Que de votre bonheur mes yeux soient les témoins ;
Les regards d’une mère en sont dignes, du moins.
Ma fille, vos destins sont unis avec d’autres ;
Embellissez des jours où s’attachent les vôtres.
Délassez un héros de ses travaux guerriers.
Vous reçûtes le jour à l’ombre des lauriers,
Le tumulte de Mars, la pompe militaire
Ne peut vous étonner ni vous être étrangère ;
La fille de Maurice en doit aimer l’éclat ;
Allez le contempler aux murs de Schelestadt ;
À quelqu’un de vos traits faites-y reconnaître
Le grand cœur du héros à qui vous devez l’être.
Voilà tous vos devoirs et les vœux que je fais ;
Mais, pour les remplir tous, ne m’oubliez jamais.

Je ne connais guère rien de plus moral que cet épithalame, et je doute que le plus beau chapitre sur les courtisanes puisse faire plus d’impression. L’inquiétude d’une mère d’être méprisée et reniée par sa fille prêche plus fortement les mœurs que le traité le plus éloquent.

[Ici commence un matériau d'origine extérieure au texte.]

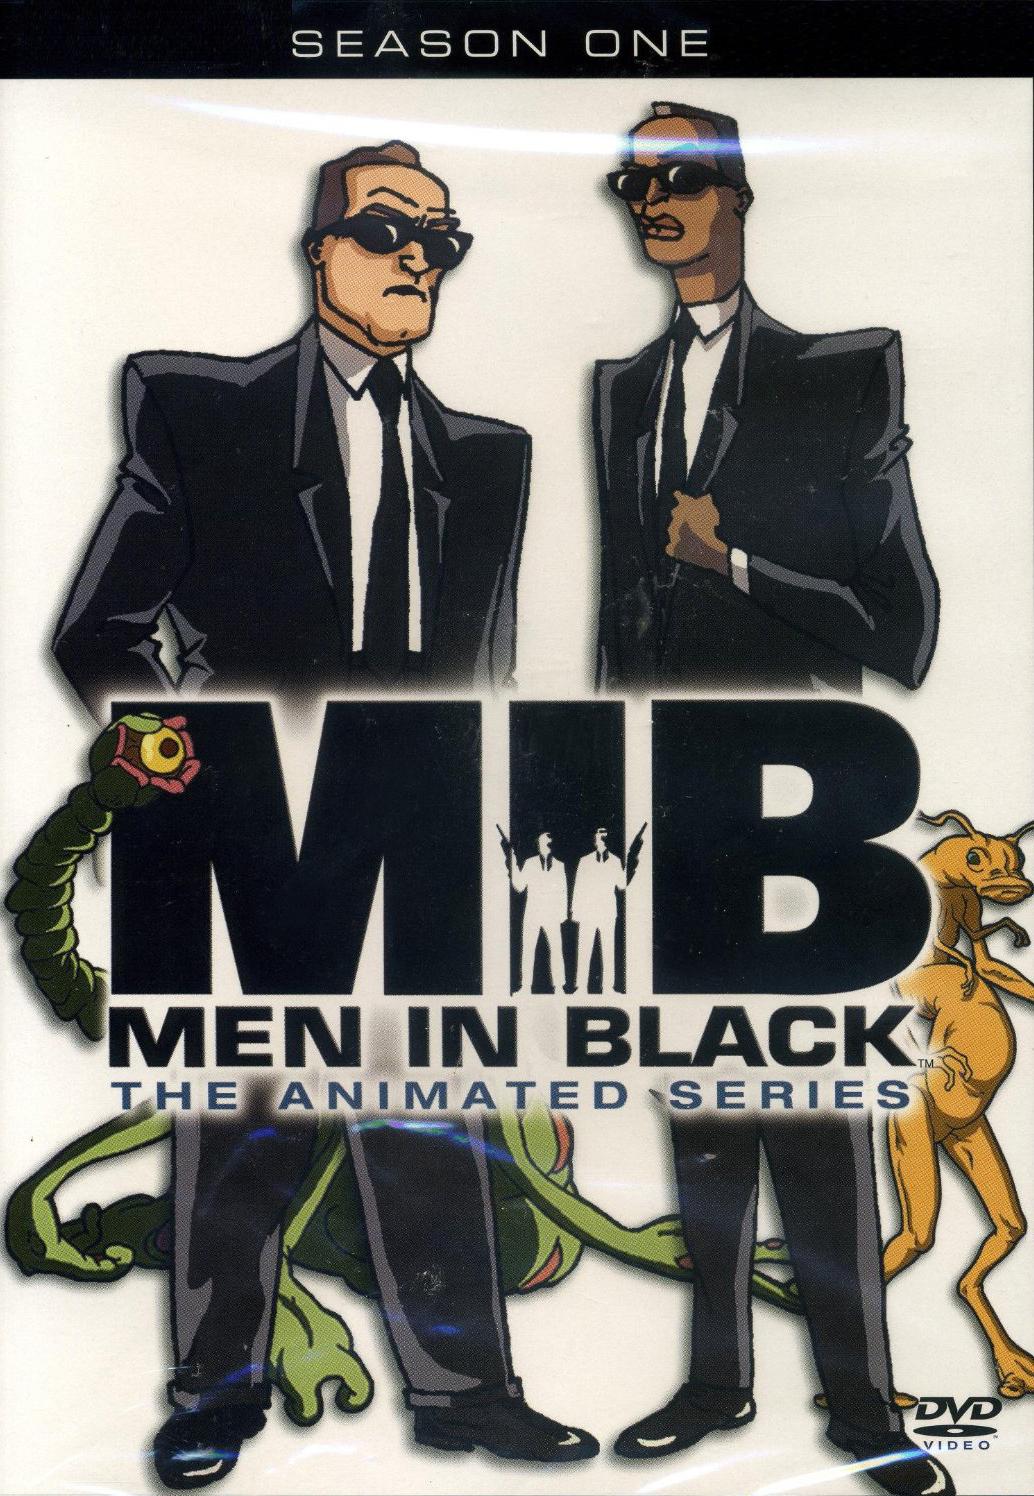 Men in Black: The Series (1997)

— On a imprimé une Histoire des malheurs de la famille de Calas, jusqu’après le jugement souverain rendu pour leur justification le 9 mars 1765. Précédée de l’héroïde de Marc‑Antoine Calas à l’Univers. Brochure in-8o de plus de soixante pages[1]. J’ai oublié le nom du faiseur d’héroïdes qui fait ici encore l’office d’historien. On a dit avec raison que la tragédie d’Abbeville était encore plus déplorable que celle de Toulouse, en ce que le crime qu’on imputait faussement au vertueux et infortuné Jean Calas était du moins un crime réel, au lieu que les fautes qui ont coûté la vie au chevalier de La Barre n’étaient que des crimes imaginaires dont le châtiment devait être abandonné à la sévérité paternelle. L’auteur de l’histoire de Calas ne parle seulement pas du don que le roi a fait, après le jugement souverain, à cette respectable famille. Si ce rapsodiste était digne de l’emploi qu’il ose usurper, je lui apprendrais qu’il y a apparence que la souscription pour l’estampe de la famille Calas, malgré les traverses qu’elle a essuyées de la part du Parlement de Paris, produira au moins cinquante mille livres. Je félicite

  1. Par Édouard-Thomas Simon.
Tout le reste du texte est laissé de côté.